=== Begin Enclosure ===

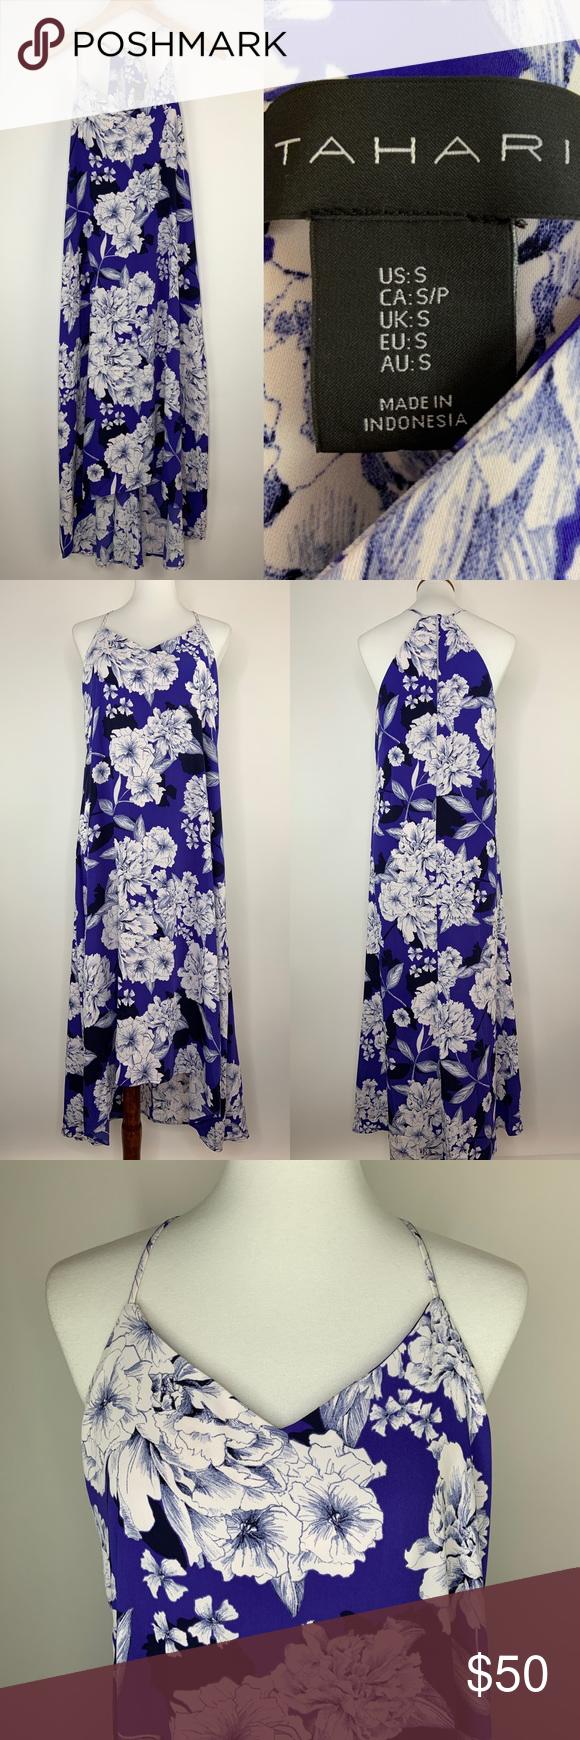 Tahari Maxi Dress Size Small Purple Racerback Flowy Maxi Dress Maxi Dress Clothes Design [ 1740 x 580 Pixel ]
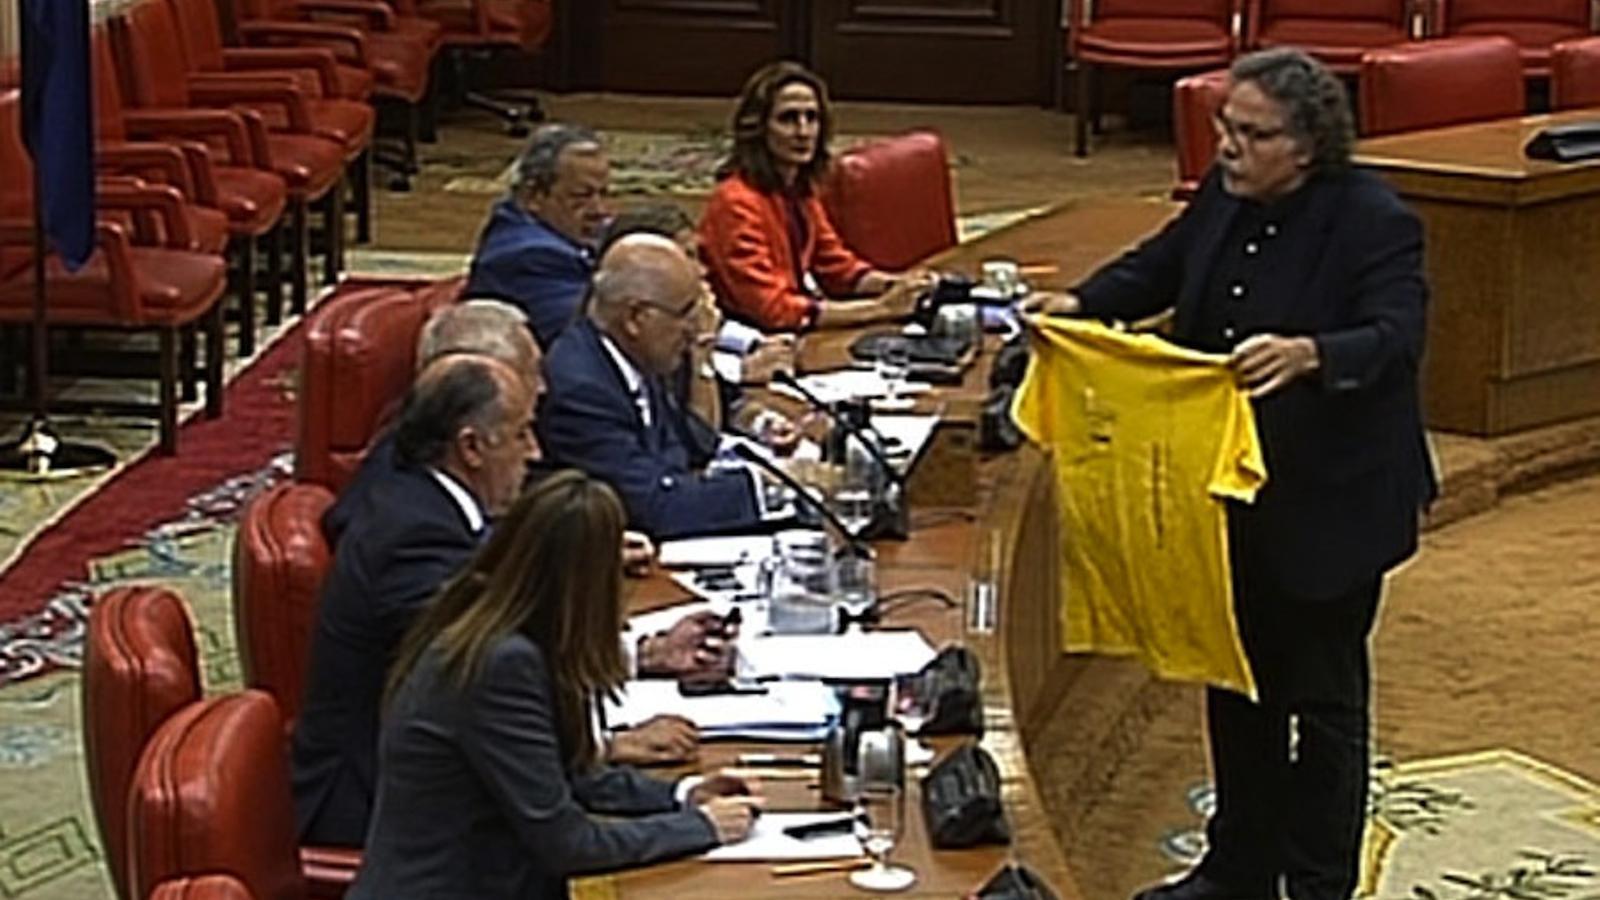 Tardà lliura a Margallo una samarreta de la Via Catalana
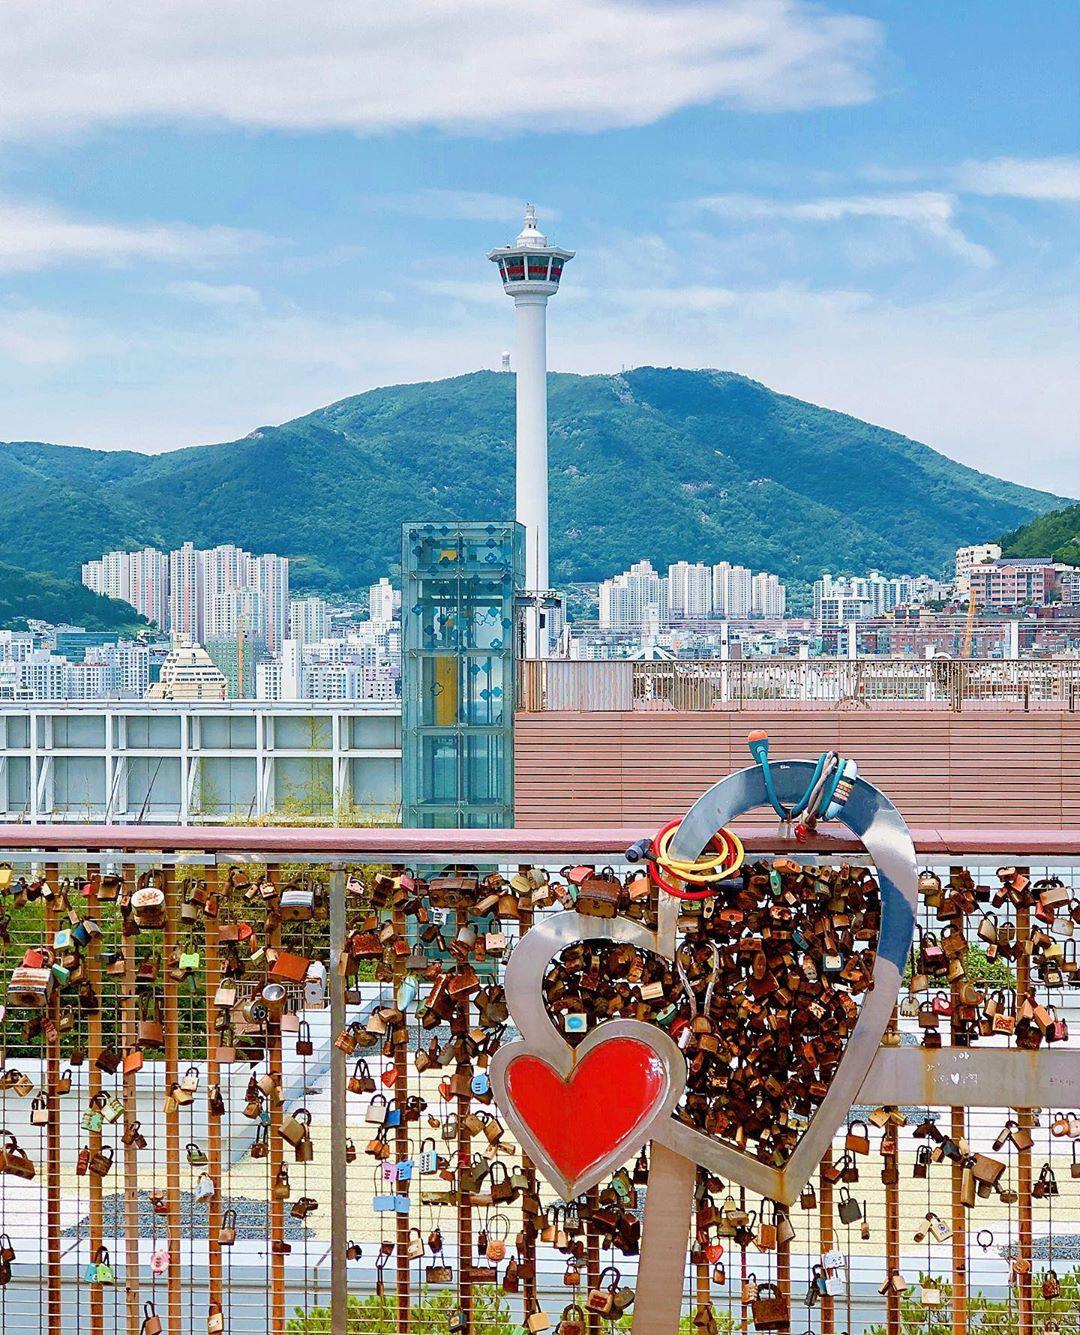 Mê mệt với những điểm đến hút khách du lịch bậc nhất Busan - Ảnh 27.

=== End Enclosure ===

EXERCISE PROMPT -
Set the data above down again exactly as given, with no pictures.

ANSWER SECTION -
 Tahari Maxi Dress Size Small Purple Racerback Flowy Maxi Dress Maxi Dress Clothes Design [ 1740 x 580 Pixel ]
 Tardà lliura a Margallo una samarreta de la Via Catalana
 Mê mệt với những điểm đến hút khách du lịch bậc nhất Busan - Ảnh 27.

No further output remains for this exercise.